Masyarakat Selatan berbeda pendapat mengenai dialog tersebut. Beberapa orang memboikot pertemuan tersebut, dengan mengatakan bahwa mereka tidak akan bernegosiasi dengan pemerintah sampai pemerintah mengakui hak wilayah selatan untuk mendeklarasikan kemerdekaan. Ada pula yang bergabung namun tidak memberikan indikasi bahwa mereka bersedia melepaskan impian kemerdekaannya.
“Permintaan kami adalah kembali ke negara bagian Selatan,” kata Mohammed Ali Ahmed, salah satu pemimpin penting di wilayah Selatan yang ikut serta dalam pertemuan tersebut. “Utara akan selalu memerintah melalui suku, tentara dan agama dan tidak mungkin untuk hidup berdampingan dengan itu.”
Pemimpin kedua dari wilayah selatan adalah mantan wakil presiden Ali Salim al-Beidh yang memimpin sayap yang lebih militan di wilayah selatan dan tinggal di pengasingan, memboikot pertemuan tersebut. Al-Beidh melarikan diri dari Yaman setelah upayanya pada tahun 1994 untuk mendapatkan kembali kemerdekaan di selatan dihancurkan dalam perang saudara.

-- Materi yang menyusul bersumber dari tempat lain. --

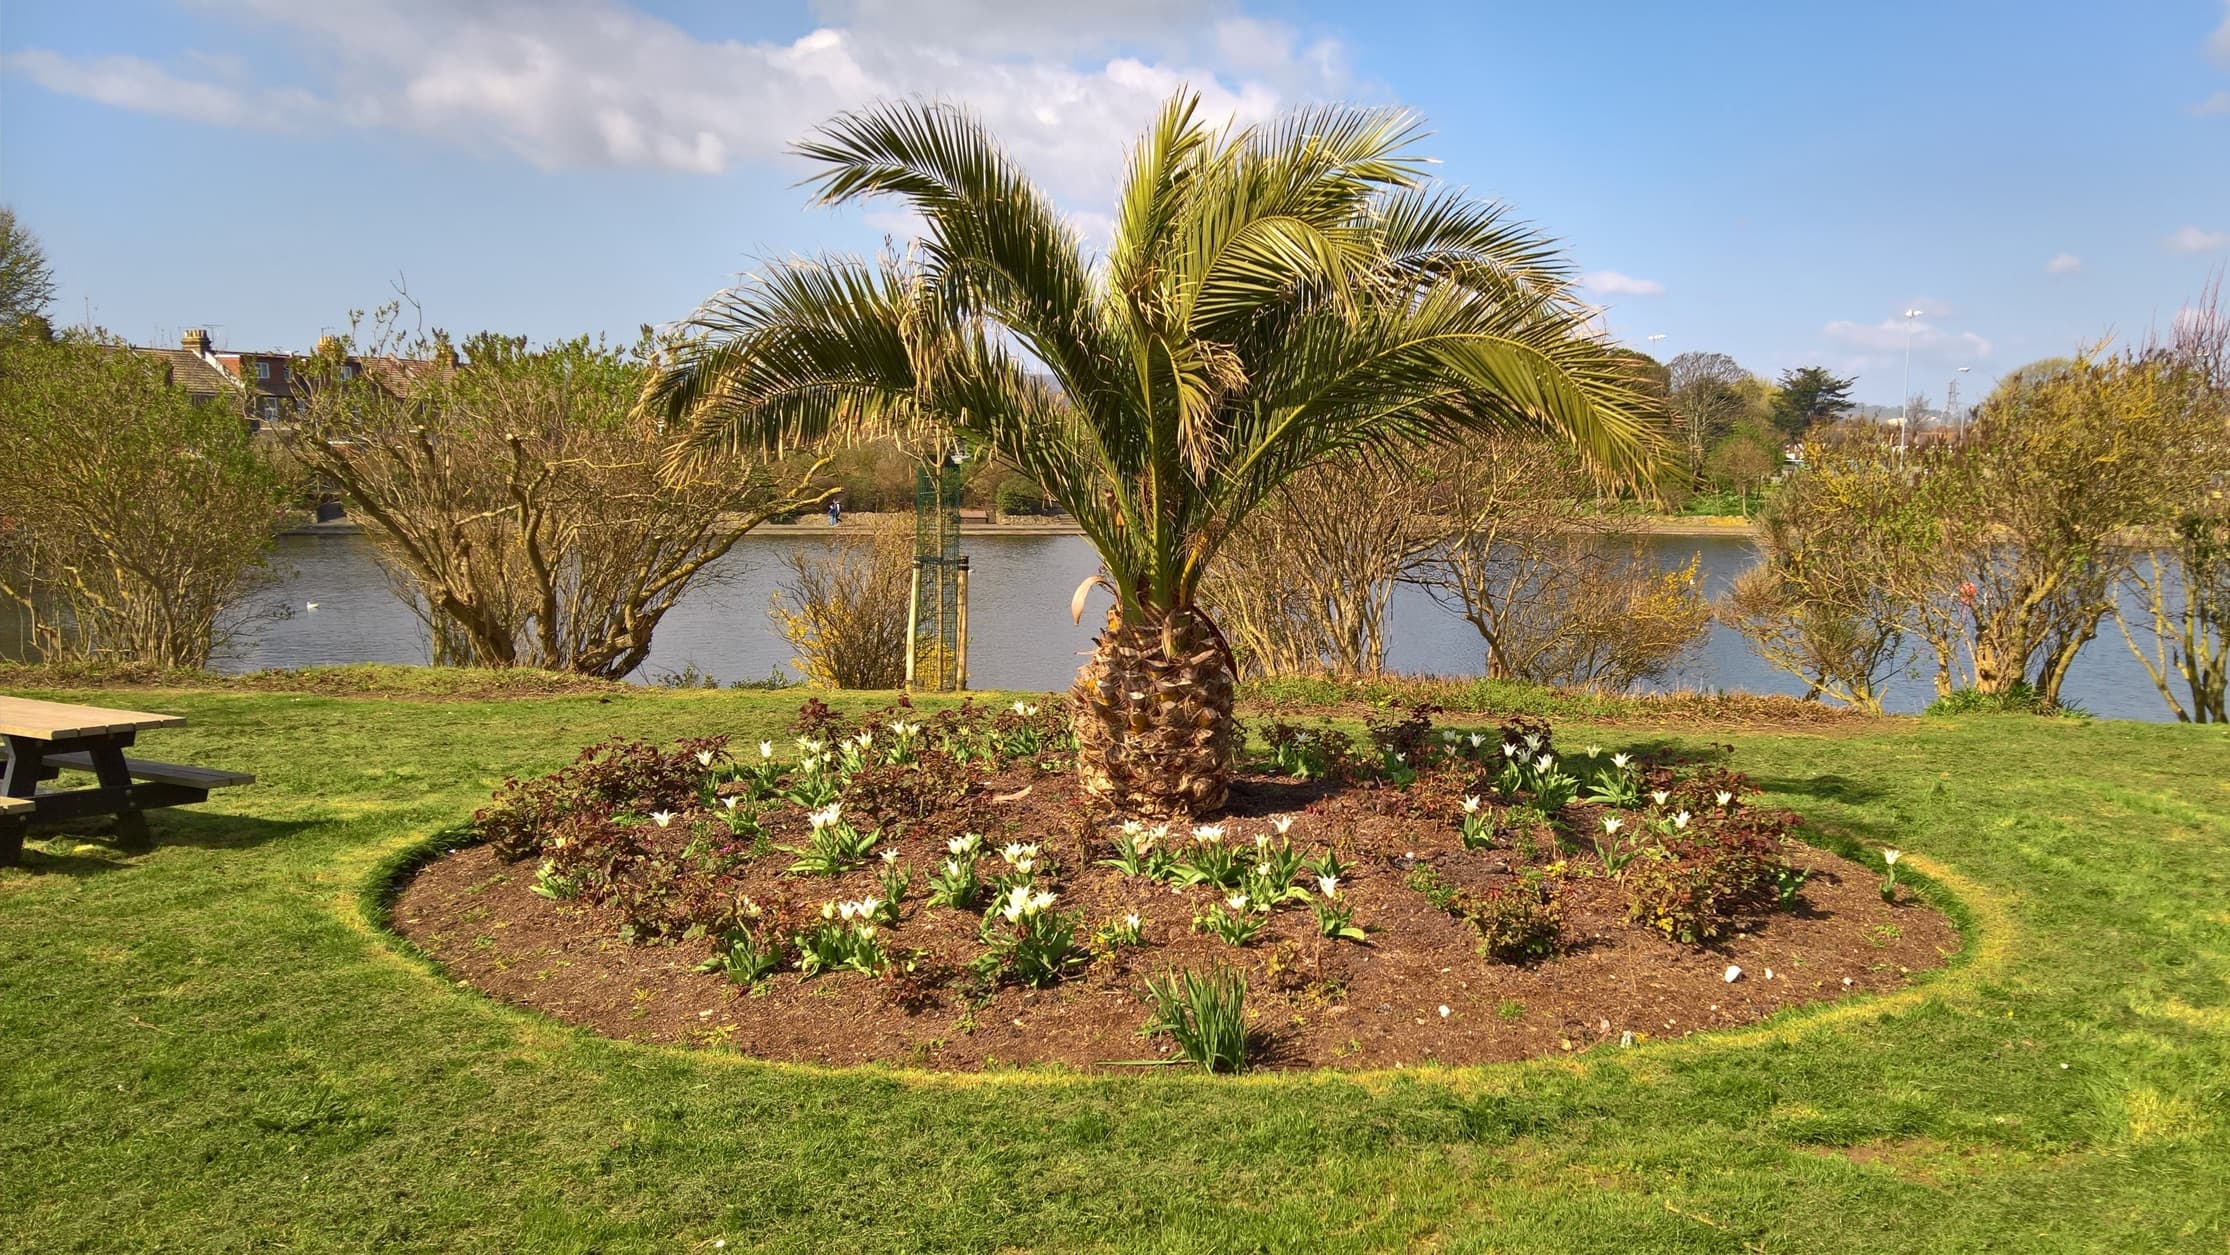 Growing Palm Trees in British Gardens

Dewan Keamanan PBB bulan lalu memperingatkan al-Beidh akan sanksi jika dia terus ikut campur dalam transisi demokrasi di Yaman. Peringatan itu muncul setelah Al-Beidh dituduh menerima dana dari Iran dan mengintegrasikan mantan anggota al-Qaeda ke dalam gerakannya.

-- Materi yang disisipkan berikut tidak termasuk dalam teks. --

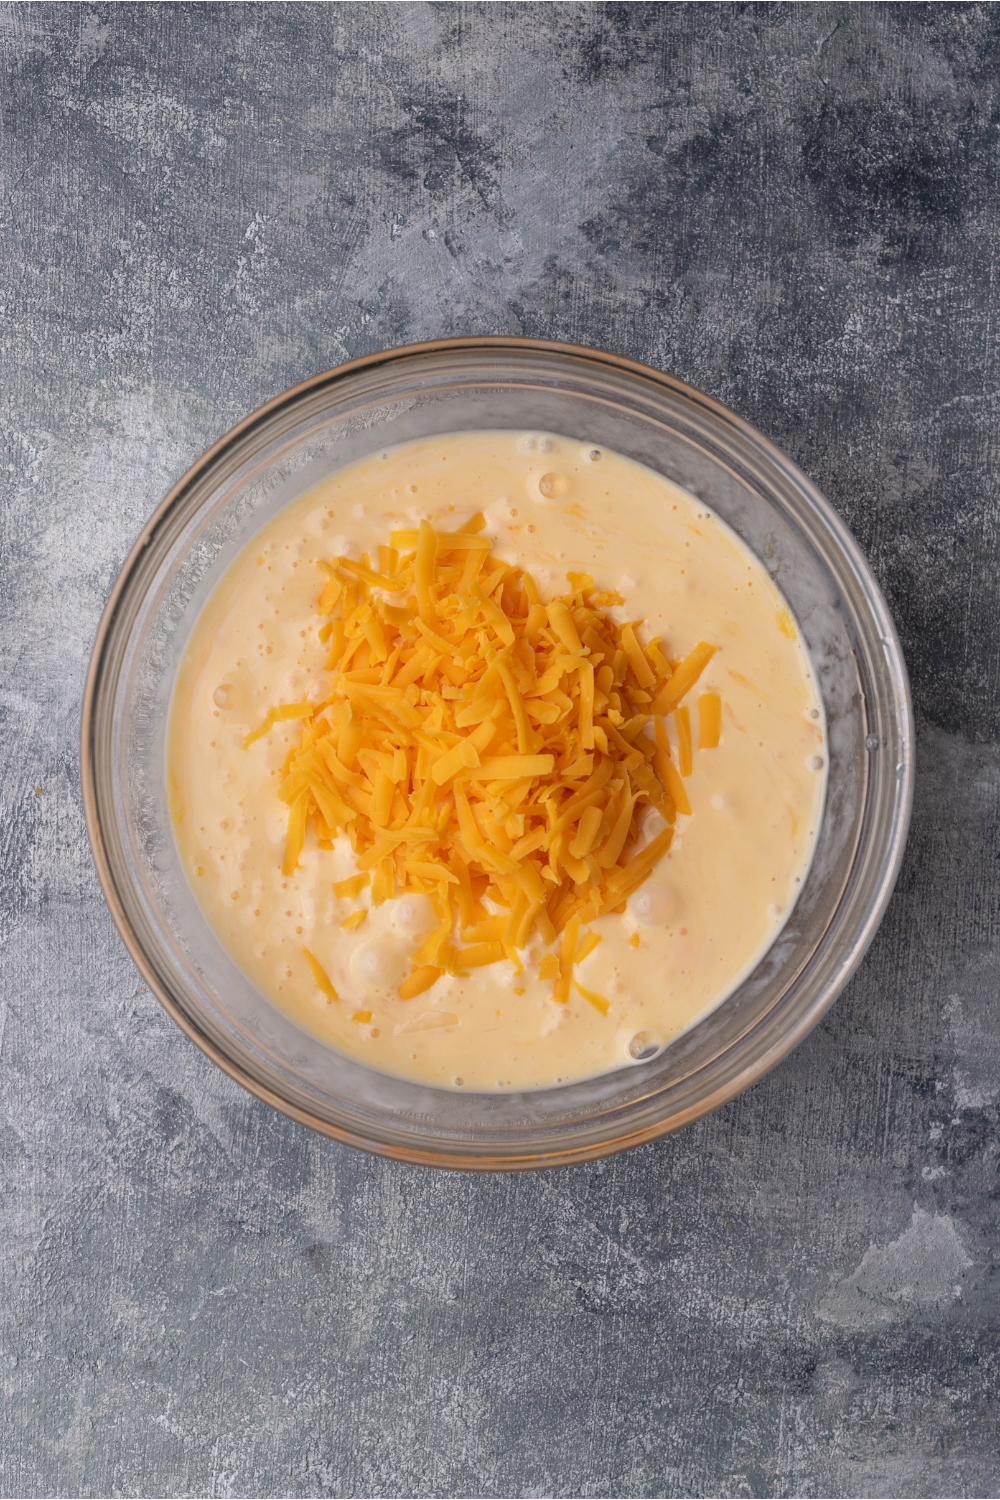 A clear bowl with beat eggs, cream, and cheese freshly added.

Beberapa pemimpin Islam garis keras dan ultrakonservatif, termasuk Sheik Abdul-Majid al-Zindani, juga menolak untuk bergabung dalam dialog tersebut. Dia menuntut agar konferensi tersebut tidak menyentuh isu Syariah, yang dia dan kelompok garis keras lainnya anggap wajib dan tidak terbuka untuk diperdebatkan. Konstitusi Yaman yang akan keluar menyatakan bahwa hukum Islam adalah satu-satunya sumber perundang-undangan. Namun, sentimen sekuler lebih kuat di wilayah selatan.
Kegagalan untuk mencapai konsensus, kata para peserta, akan berisiko membuat Yaman semakin terjerumus ke dalam kekacauan dan pelanggaran hukum.
“Skenario terburuknya adalah kita tidak mencapai konsensus mengenai negara federal dan masing-masing kubu kembali ke guanya masing-masing,” kata Omar Abdel-Aziz, seorang penulis politik. “Maka masalah akan muncul tidak hanya di wilayah selatan, tapi juga di tempat lain.”